▶ **Data section**

──────────

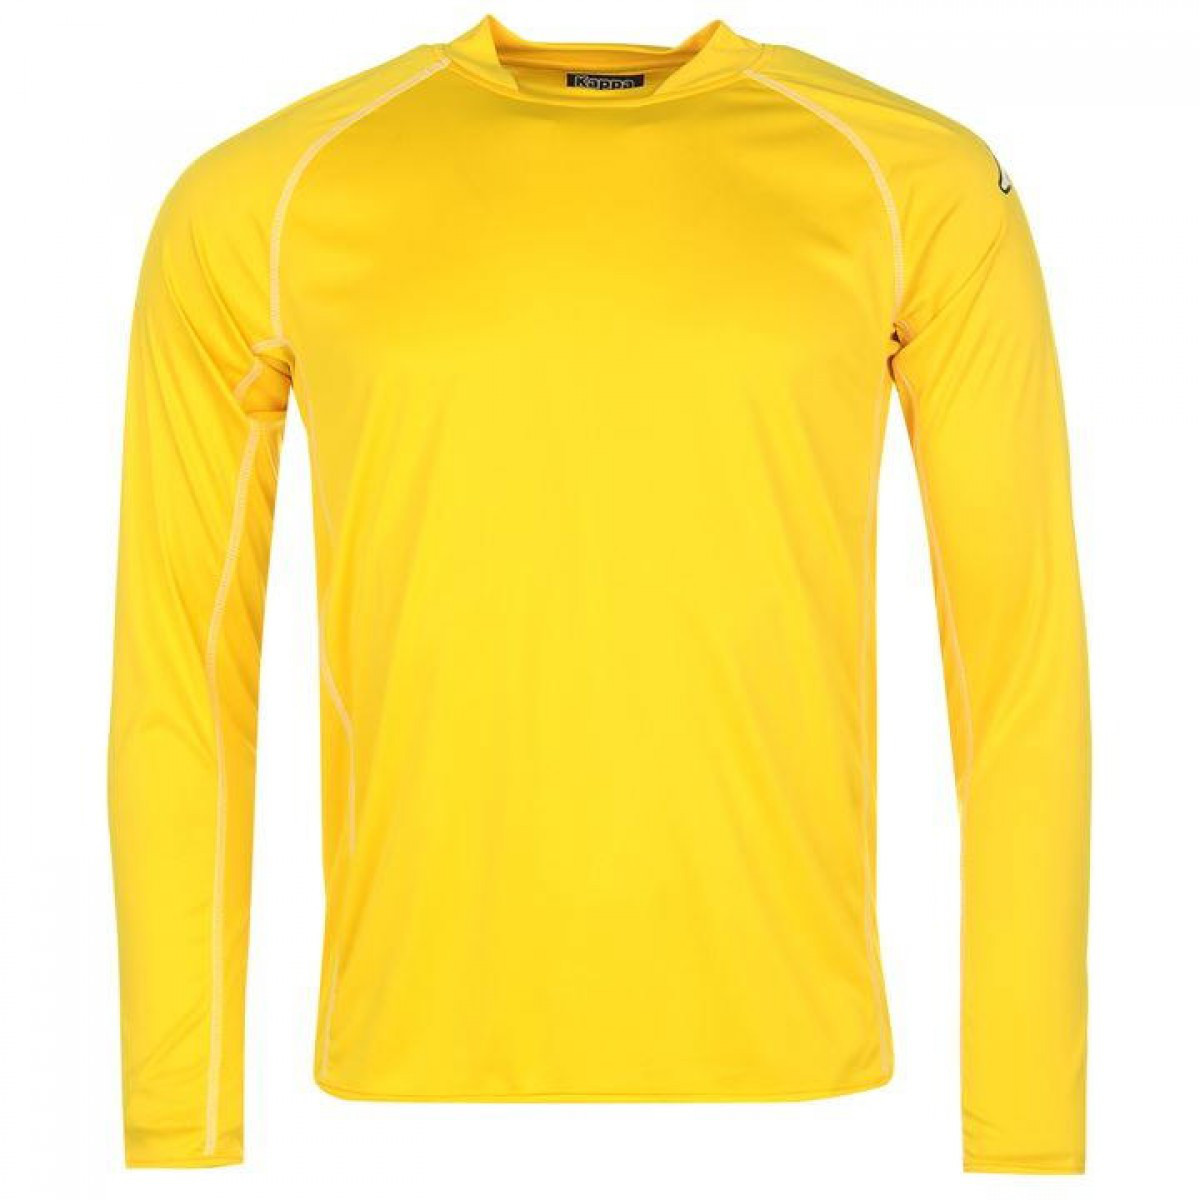 cdcb0eb9e4d6 Футболка Kappa Masa Long Sleeve Football Yellow - Оригинал — в ...
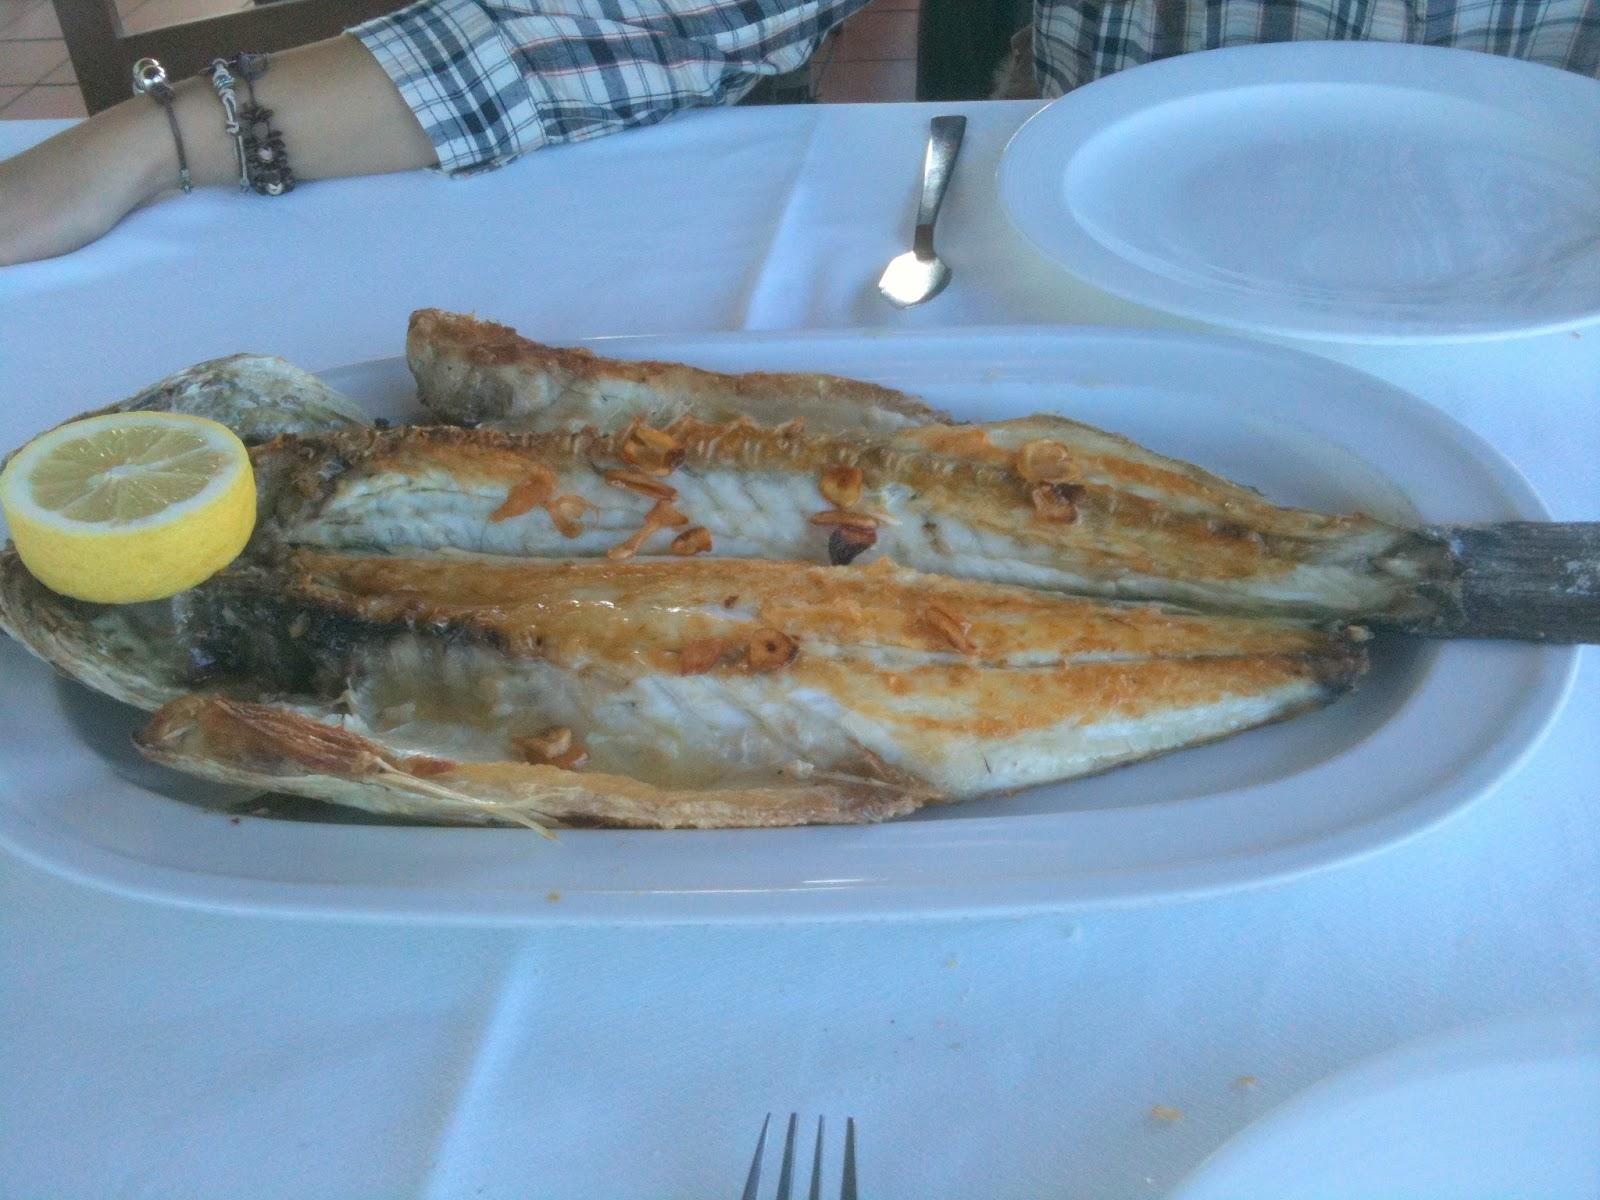 Restaurante la maruca santander share the knownledge - Restaurante la maruca ...
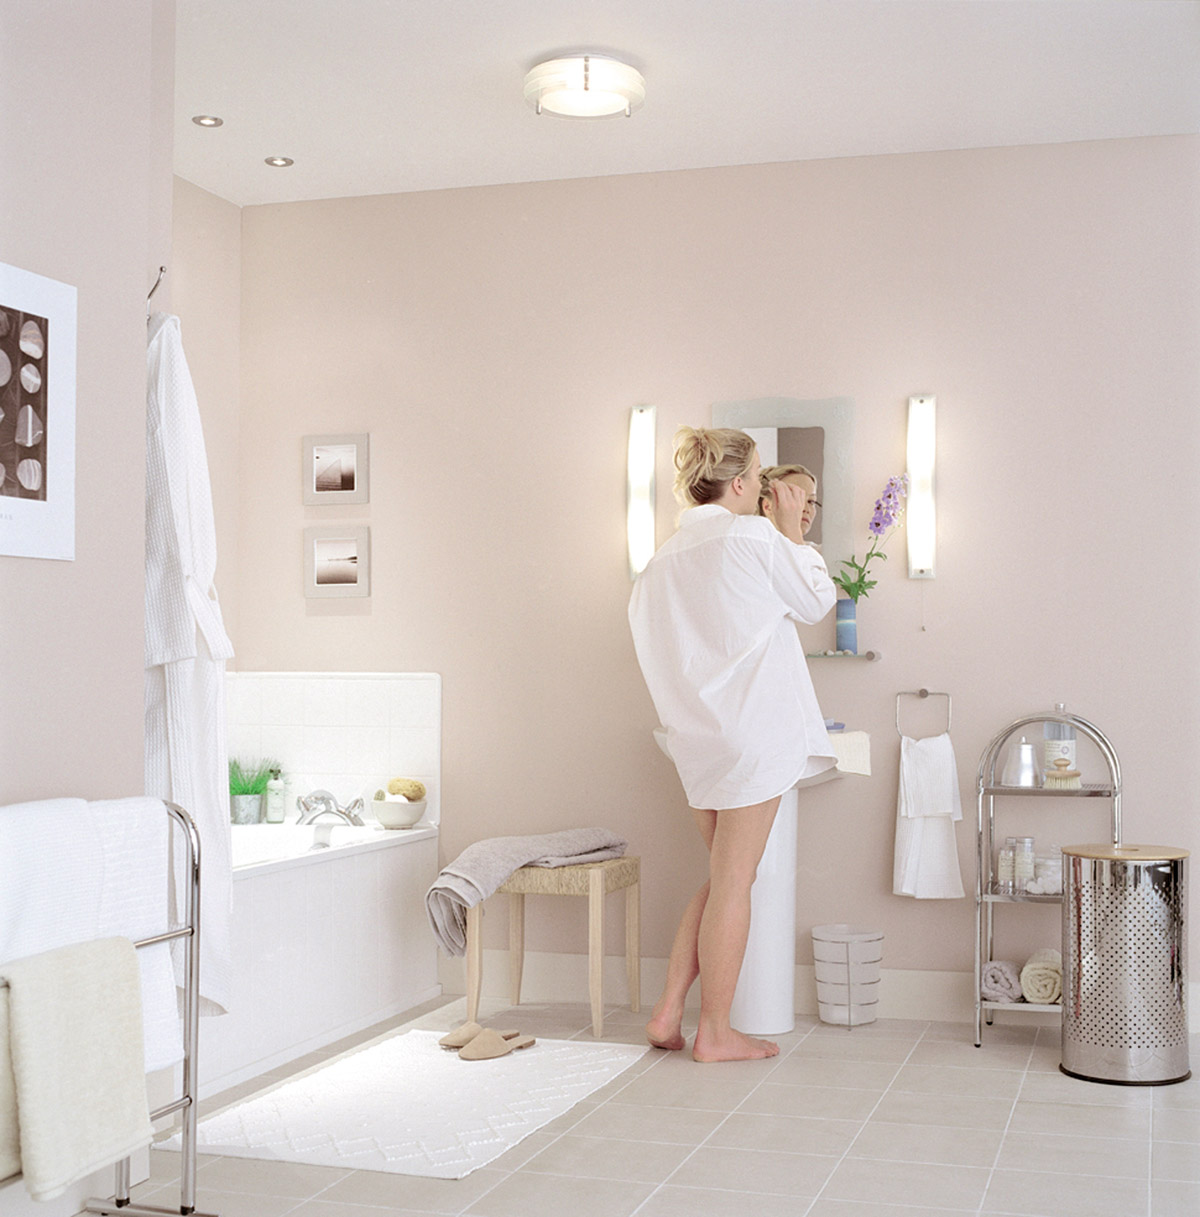 Vreme je za promene funkcionalno kupatilo bravacasa - Lichtplanung badezimmer ...

──────────

▶ **Task details**
Once the pictures are set aside, please reproduce the remaining material word for word.

▶ **Result of this task**
 cdcb0eb9e4d6 Футболка Kappa Masa Long Sleeve Football Yellow - Оригинал — в ...
 Restaurante la maruca santander share the knownledge - Restaurante la maruca ...
 Vreme je za promene funkcionalno kupatilo bravacasa - Lichtplanung badezimmer ...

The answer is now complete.